Chrome 117 to Introduce Extension Security Checks: A Bold Move Against Malicious Extensions

Google has officially announced that the forthcoming Chrome 117, scheduled for release next month, will introduce an extension security check feature.

This new safety functionality for Google's browser aims to alert users to potential issues with certain extensions, mitigating risks such as malicious extensions hijacking users or stealing information.

To promptly address some malicious extensions, this feature also offers preset configurations, allowing automatic deletion of detected harmful extensions to minimize their impact.

The new feature's scenarios are as follows:

1. If developers voluntarily remove an extension from the Chrome Web Store, the Google browser will include corresponding prompts in the extension security check.

2. If an extension violates Google's developer policy and is subsequently removed from the store, Google's browser will issue a notification to inform users.

3. If an extension is flagged as malicious or poses other risks, Chrome will display a notification and may also suggest user actions.

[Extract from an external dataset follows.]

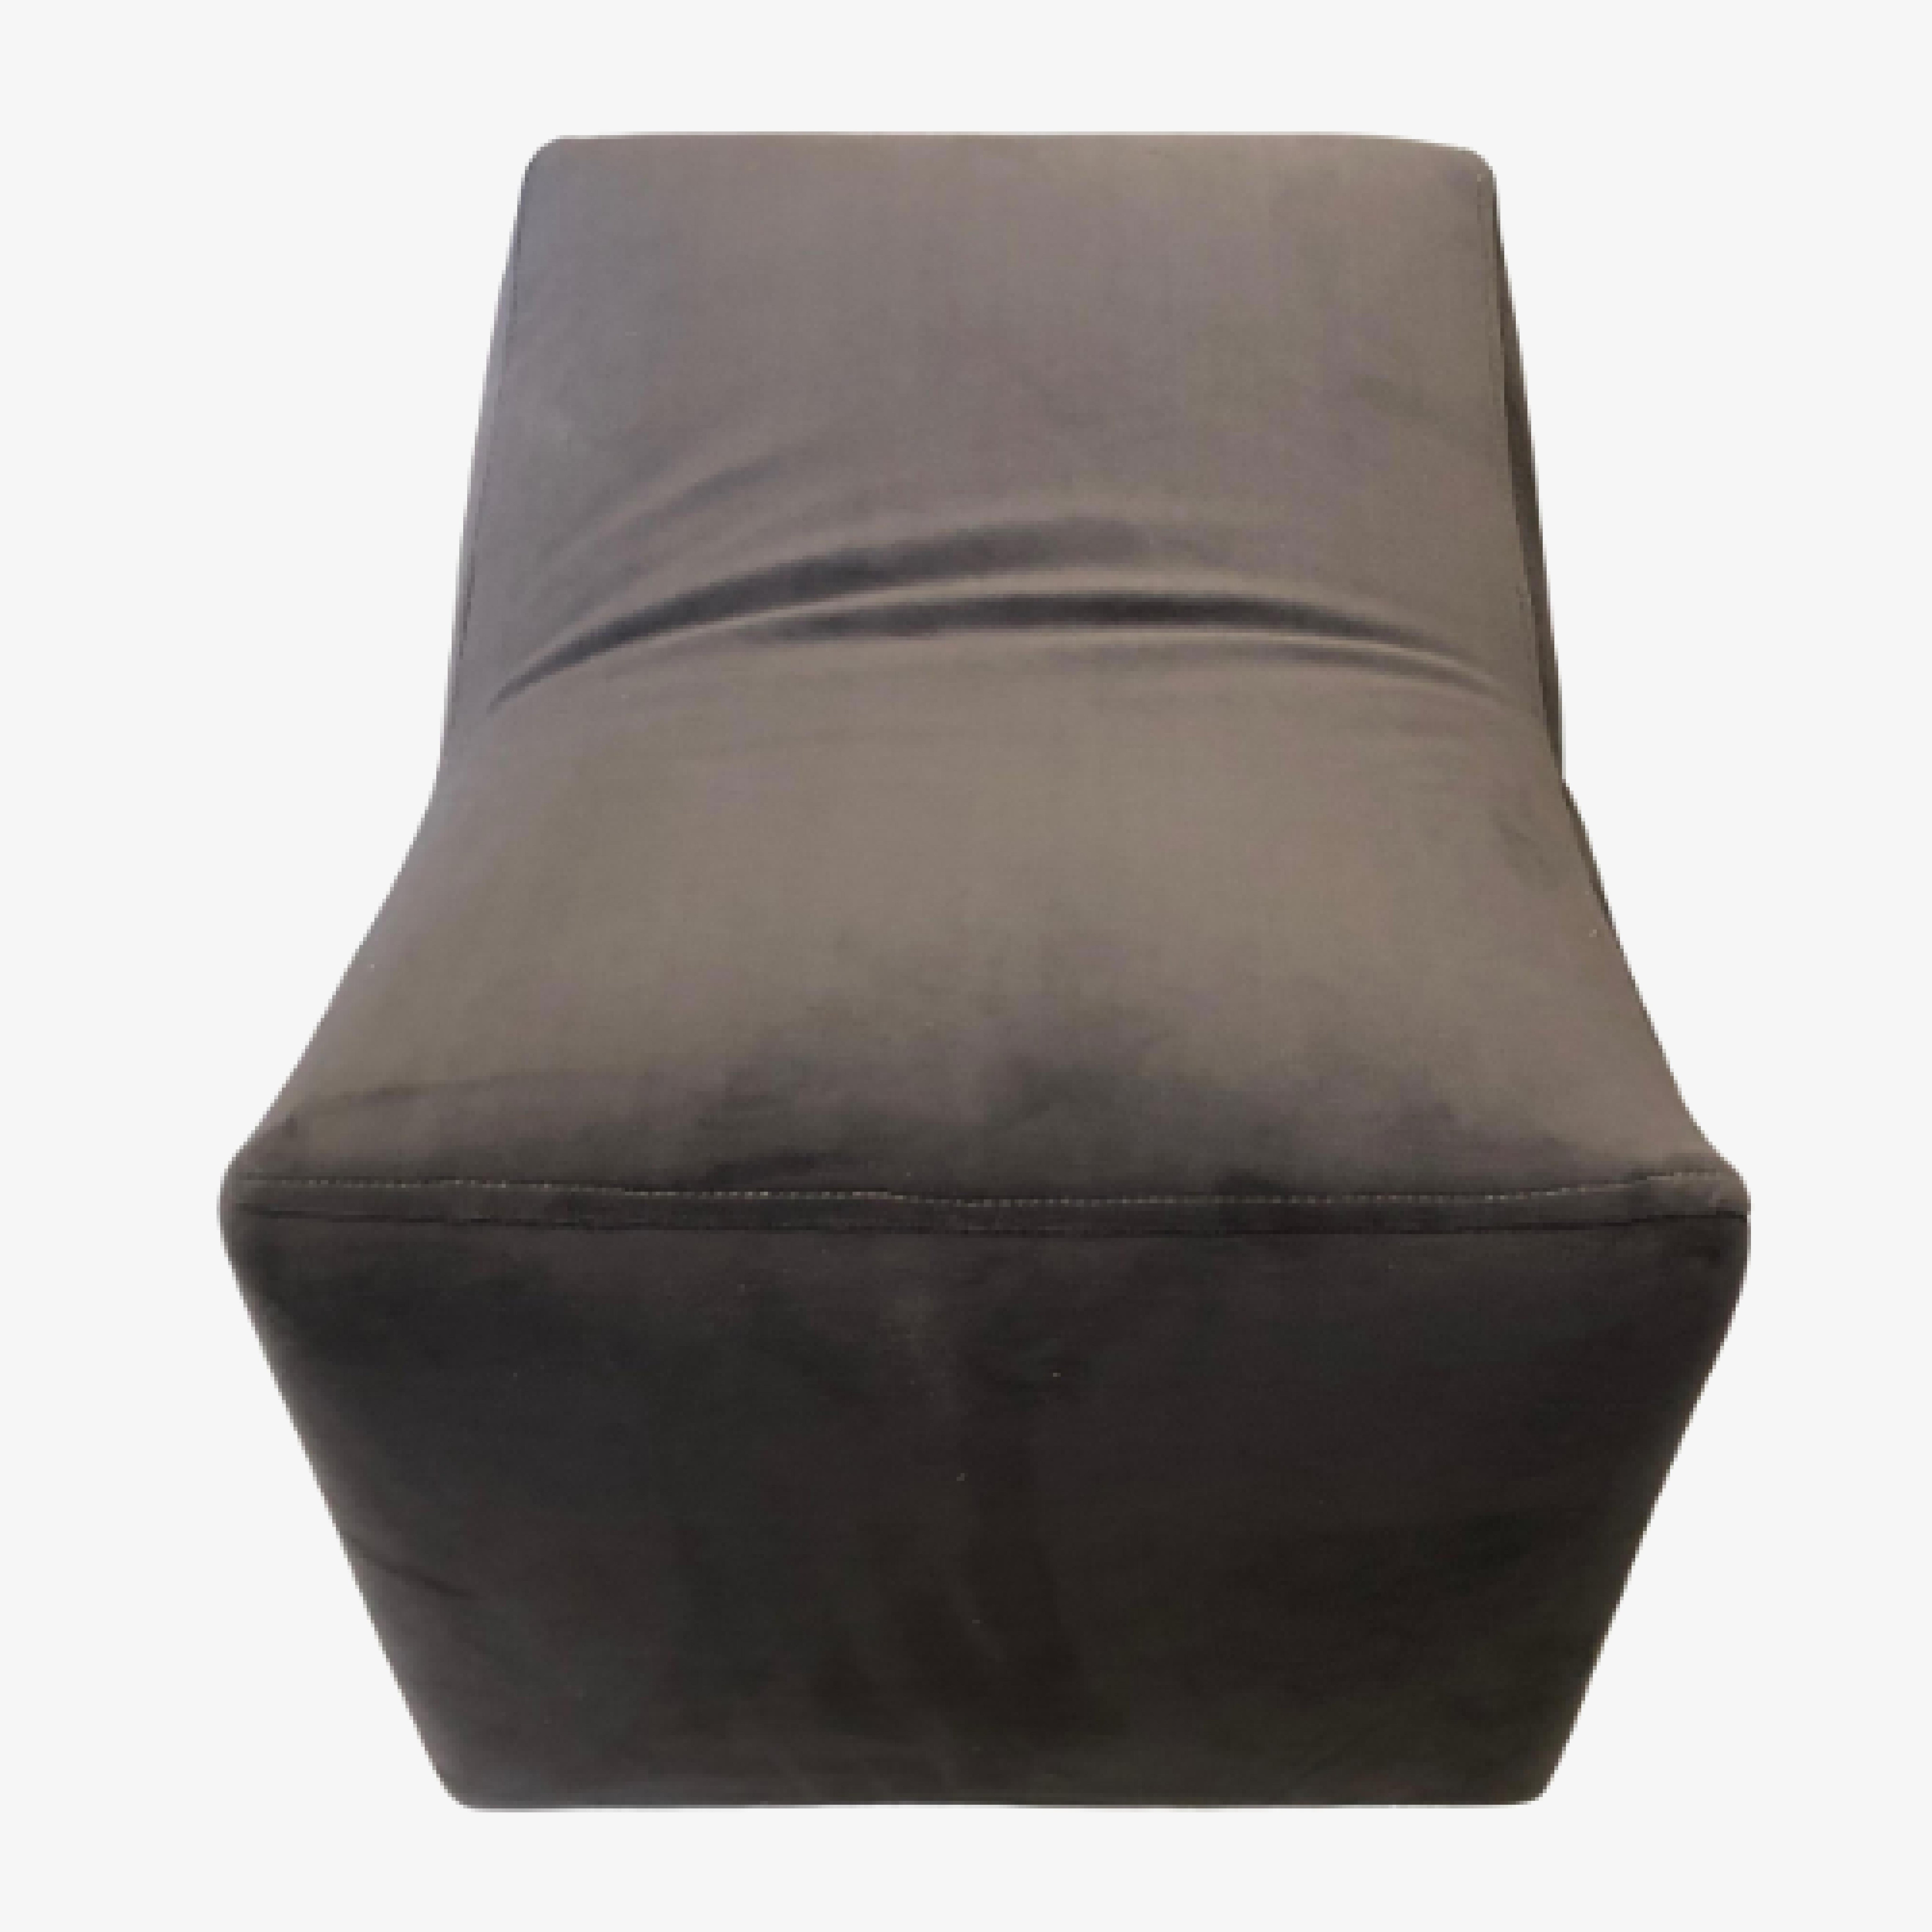 The saddle ottoman was designed in 1965 by leading modern furniture designer Milo Baughman for Thayer Coggin. This ottoman is modern and unique, with a distinctive silhouette, featuring an elegantly curved front and back frame and hidden casters for

4. Users can manually configure this feature, offering options within privacy and security settings to automatically delete extensions or ignore warnings, even though the ignored extensions may still be disabled.

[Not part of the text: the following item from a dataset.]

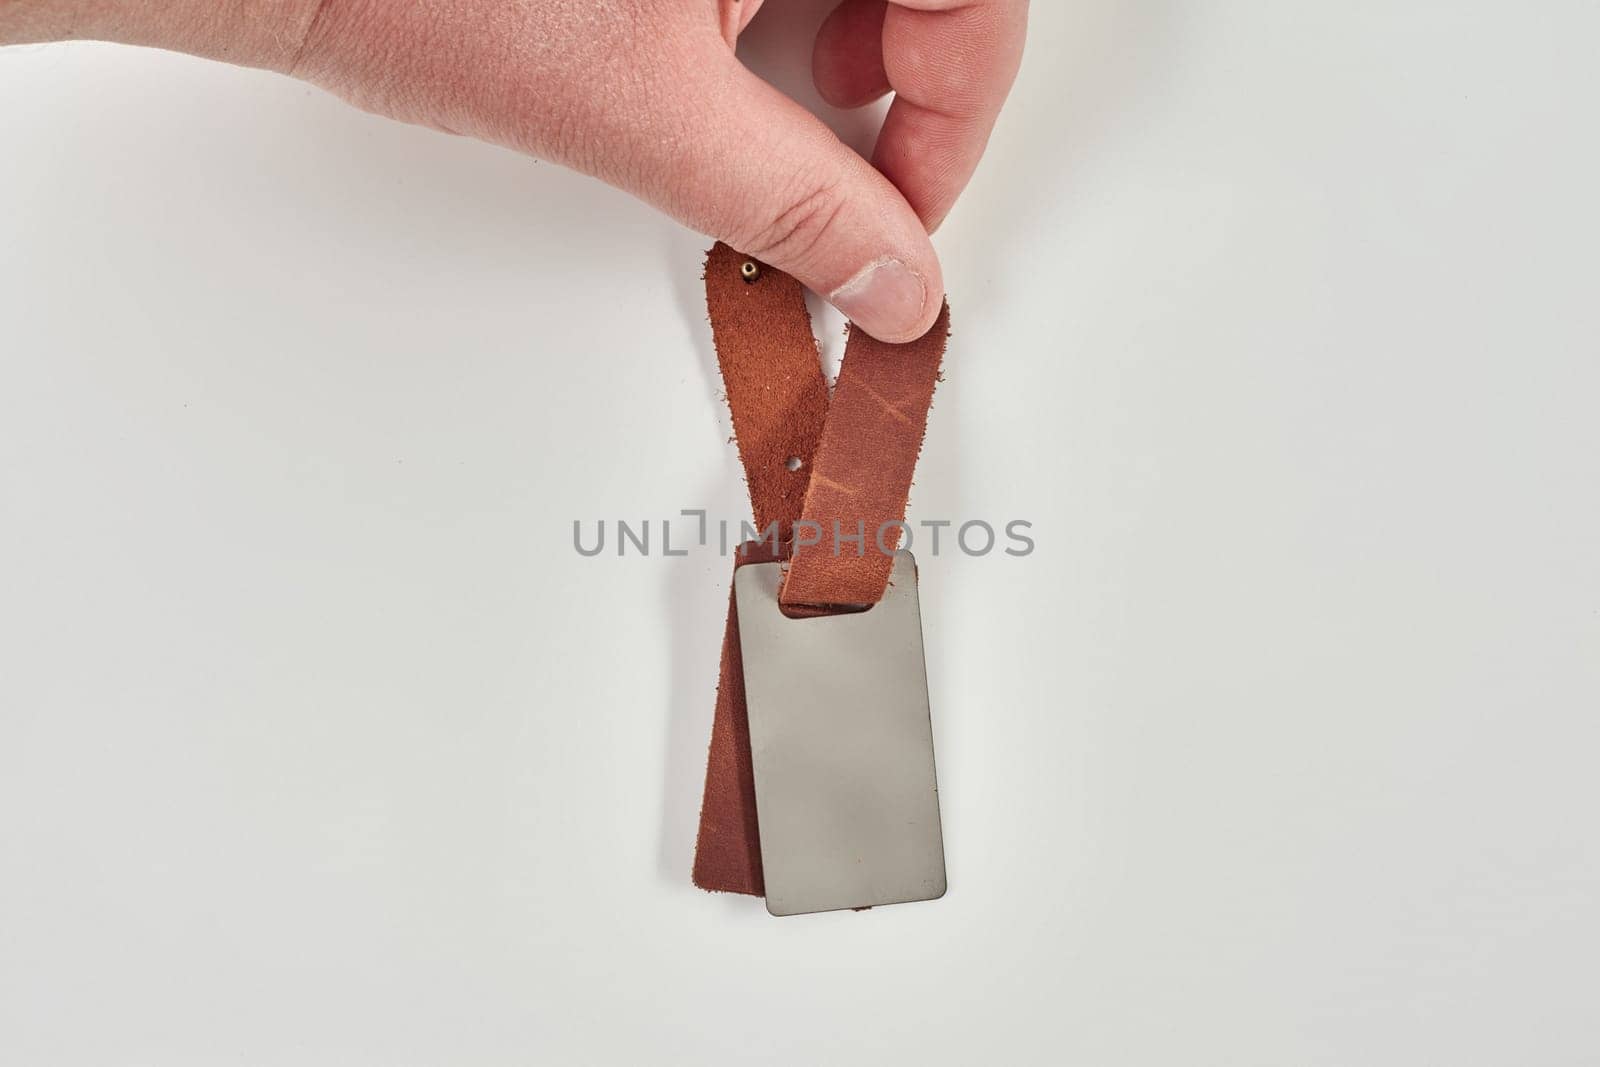 Male hand presenting unmarked brown leather keychain designed for photo imprinting or custom engraving, against light backdrop with copyspace. Stylish handcrafted accessories

To avoid false positives, a review process is also provided:

Extensions that violate developer policies and receive user notifications from Chrome may quickly lose most users.

Considering the significant potential impact, Google offers a review, notifying developers of the violation first and providing time for rectification.

Only after exceeding the provided time or continued violation of developer rules, will Google mark the extension in the cloud and distribute it to all Google browsers.

However, extensions marked as malicious are treated differently and are generally marked and immediately pushed to the browser, where they may be disabled or deleted.